• [ACTIVITY] Omit the images and output every line of the data below exactly.

• [STORED DATA]
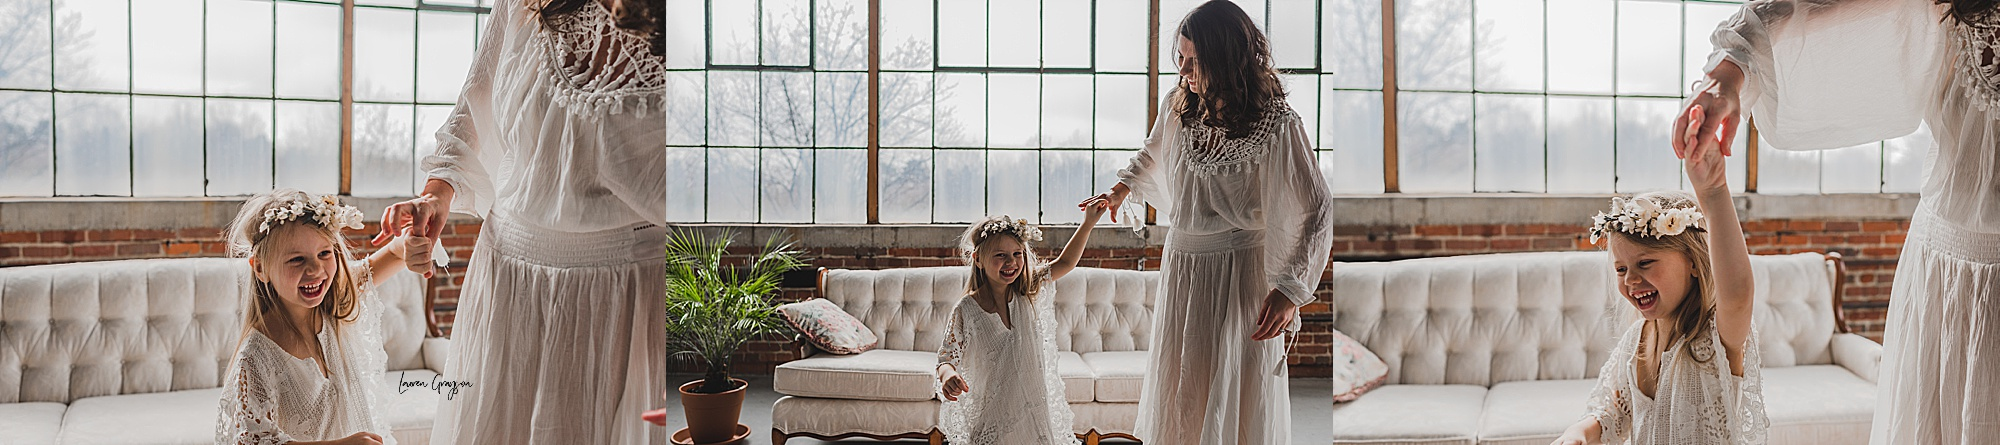 lauren-grayson-photography-canton-ohio-newborn-family-photographer-woods-lacey_0068.jpg
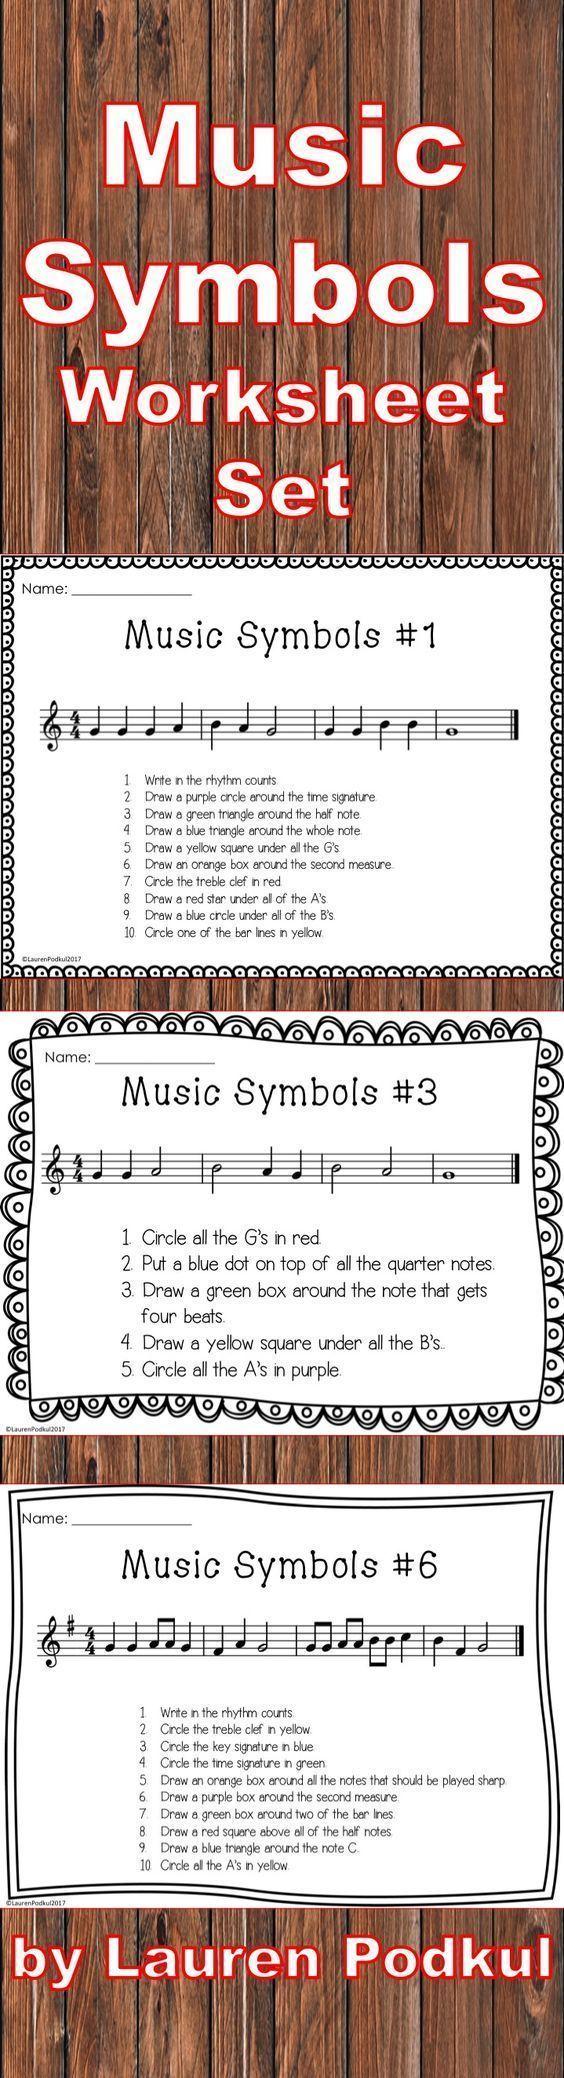 Music Symbols Worksheet Beginner Music Humanities Lesson Elements Of
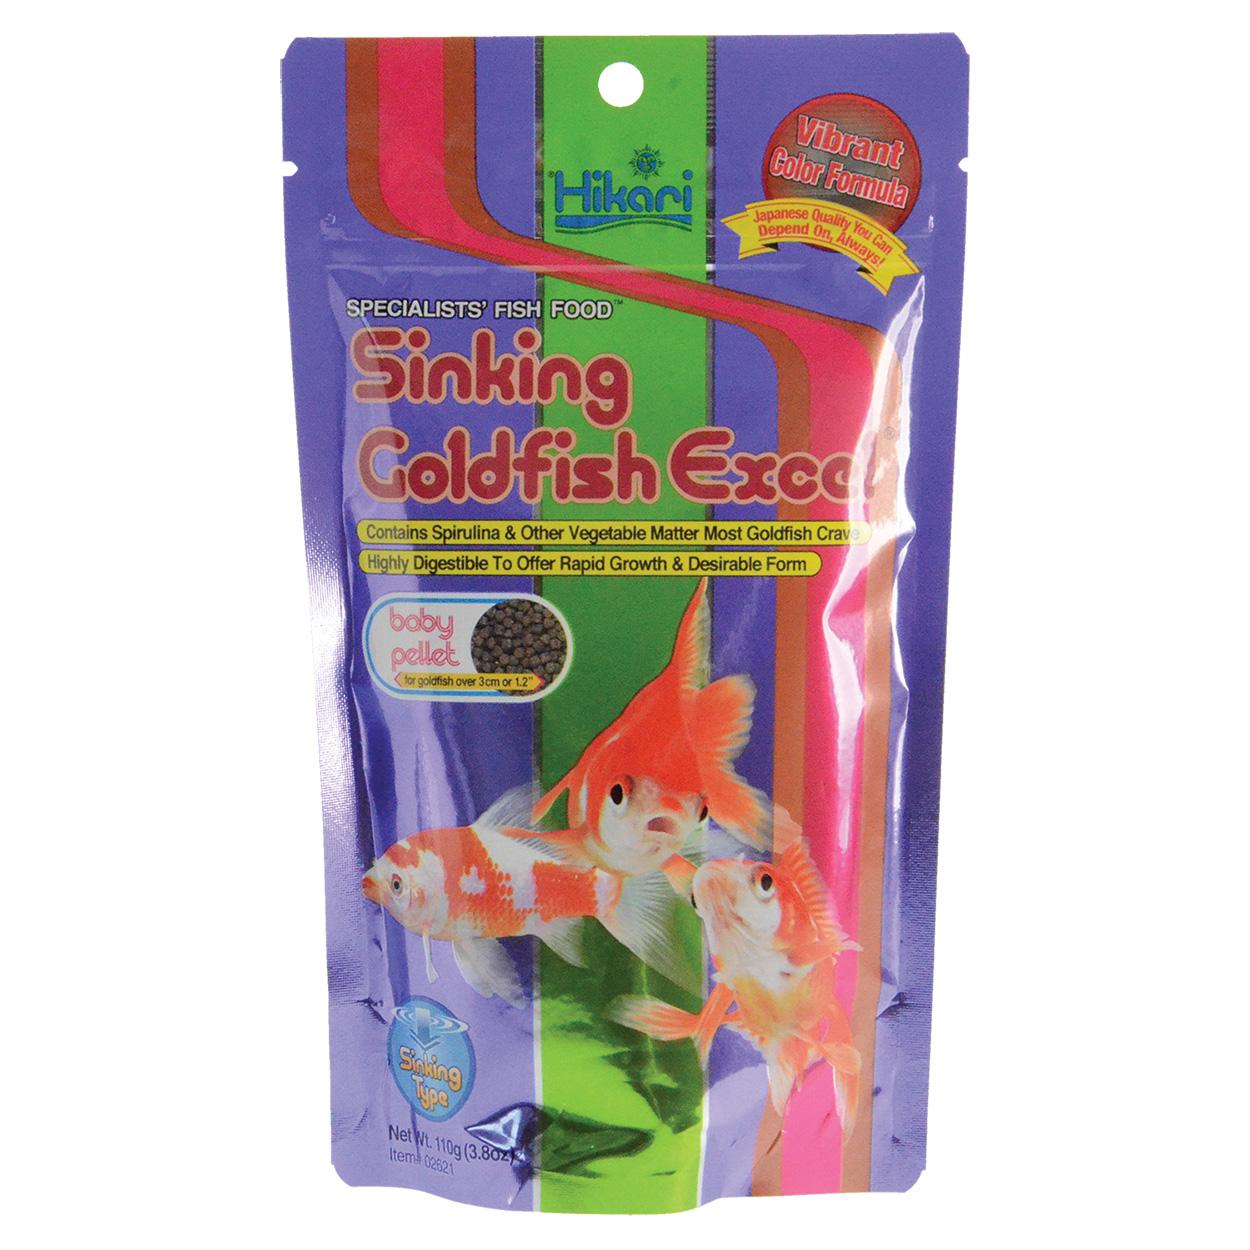 Hikari Sinking Goldfish Excel - Baby Pellets - 110 g 69649
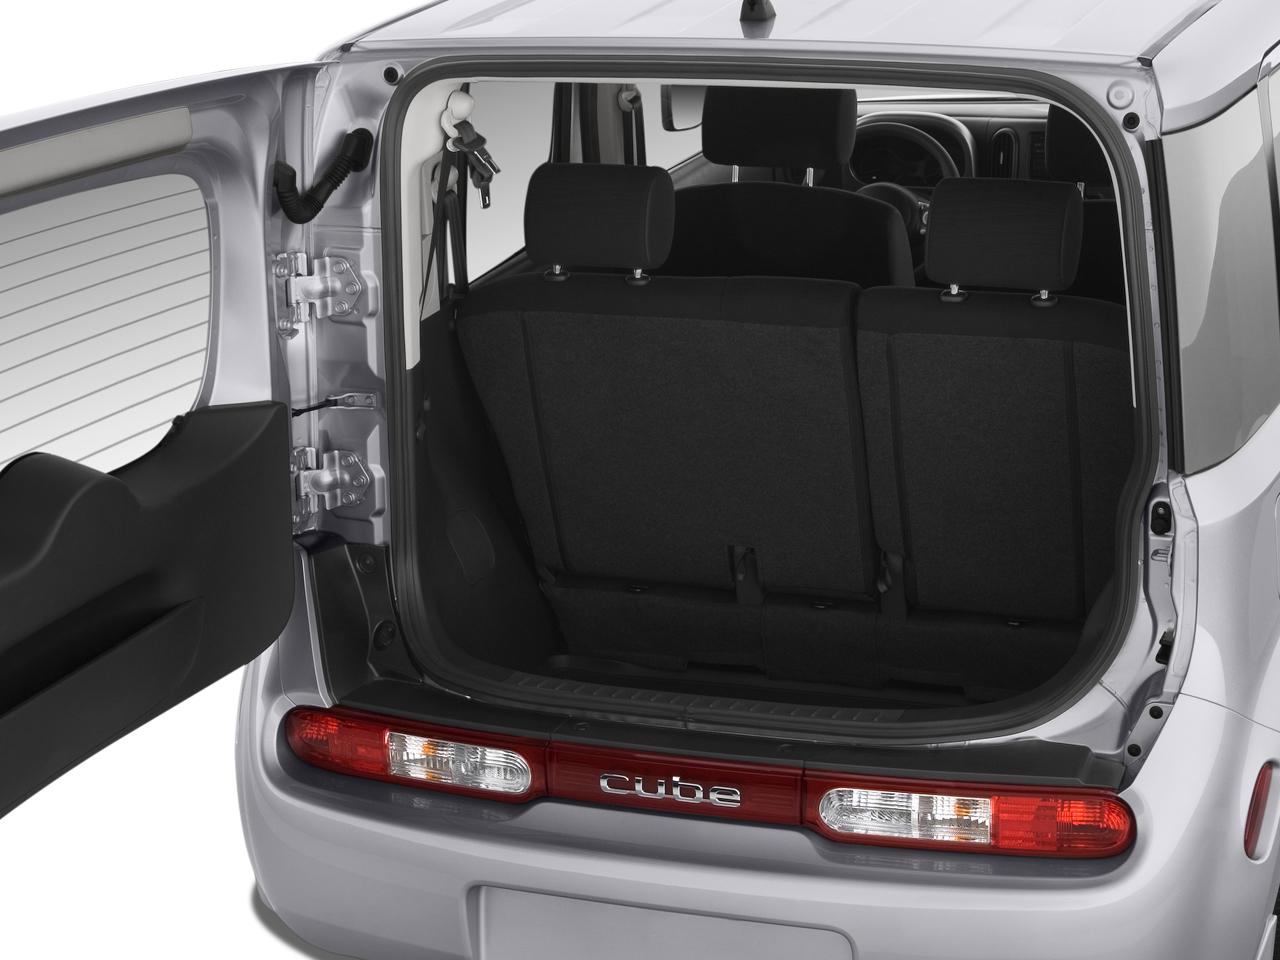 2009 Nissan Cube Krom Nissan Midsize Suv Review Automobile Magazine

• [ANSWER BOX]
 lauren-grayson-photography-canton-ohio-newborn-family-photographer-woods-lacey_0068.jpg
 Music Symbols Worksheet Beginner Music Humanities Lesson Elements Of
 Hikari Sinking Goldfish Excel - Baby Pellets - 110 g 69649
 2009 Nissan Cube Krom Nissan Midsize Suv Review Automobile Magazine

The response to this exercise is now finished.